Set Connecticut free, pass a state budget

Month three of Connecticut held hostage, or at least stuck without an approved state budget.

This was supposed to have been finished well before the start of fiscal year, July 1. Yes, it’s hard. But so, too, is keeping a household budget in balance, paying the mortgage, the property taxes, the bills, while making sure the kids have what they need for going back to school.

People figure this out. The Connecticut General Assembly has to do so, as well.

Consider all the towns and cities in the state that had to produce their budgets for the fiscal year without any affirmative information on what level of state aid they would receive.
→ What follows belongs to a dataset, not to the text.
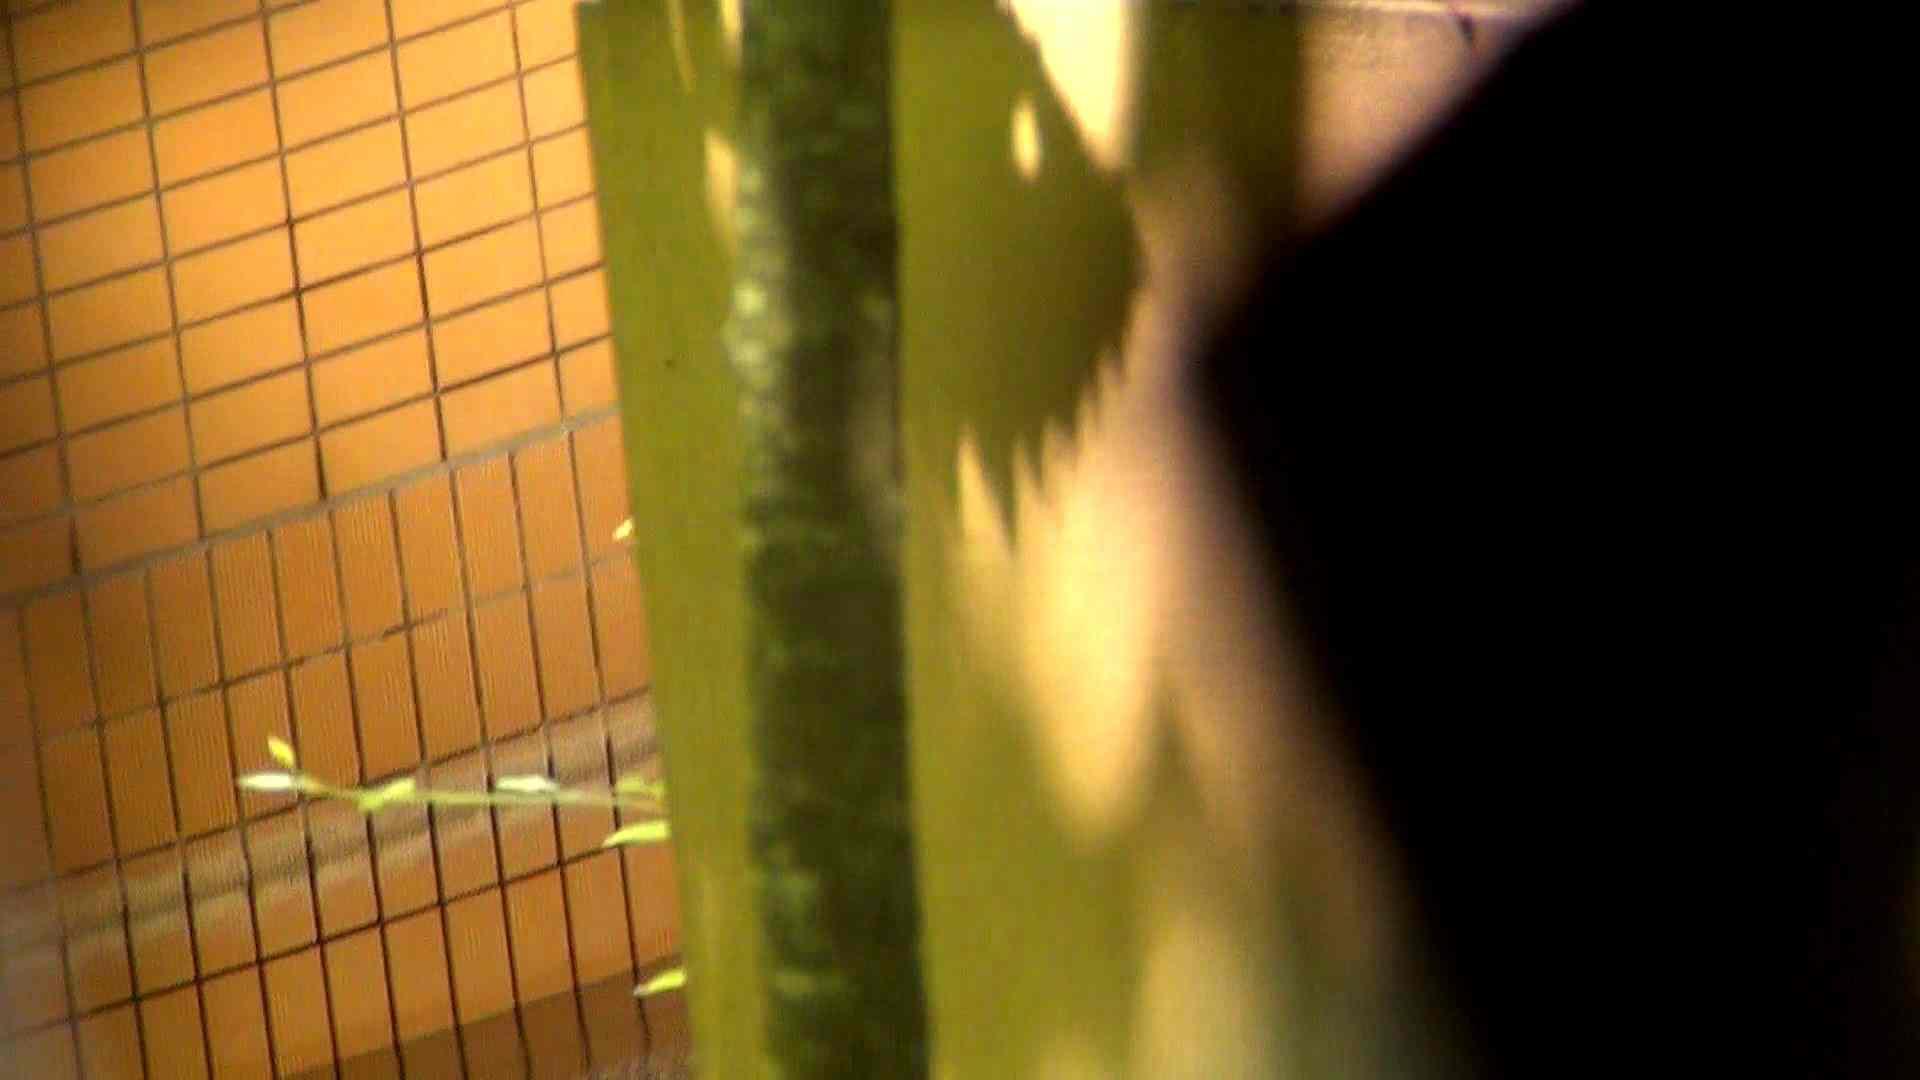 Vol.37 オデブと妊婦とokaasann 潜伏露天風呂 盗撮ワレメ無修正動画無料 61pic 35

For many municipalities the speculation for cuts in state aid has ranged from not so bad, to dire, to catastrophic (i.e. the governor’s budget proposal).

The General Assembly, however, remains politically paralyzed, unable to find consensus on closing a projected $3.5 billion gap over the next two years.

Gov. Dannel P. Malloy argues that after income tax hikes that raised the top marginal rates to help close deficits in 2009, 2011 and 2015 — a period over which state aid to local communities grew by 21 percent — it is time for municipalities to sacrifice via reduced state aid. Malloy also wants to force them to help fund teacher pensions, now only a state responsibility.

Malloy’s budget proposal recommended cutting grants to cities and towns by about $650 million over two years. In addition, he wants the municipalities to collectively start contributing $400 million annually to help support the now grossly underfunded teacher retirement plan.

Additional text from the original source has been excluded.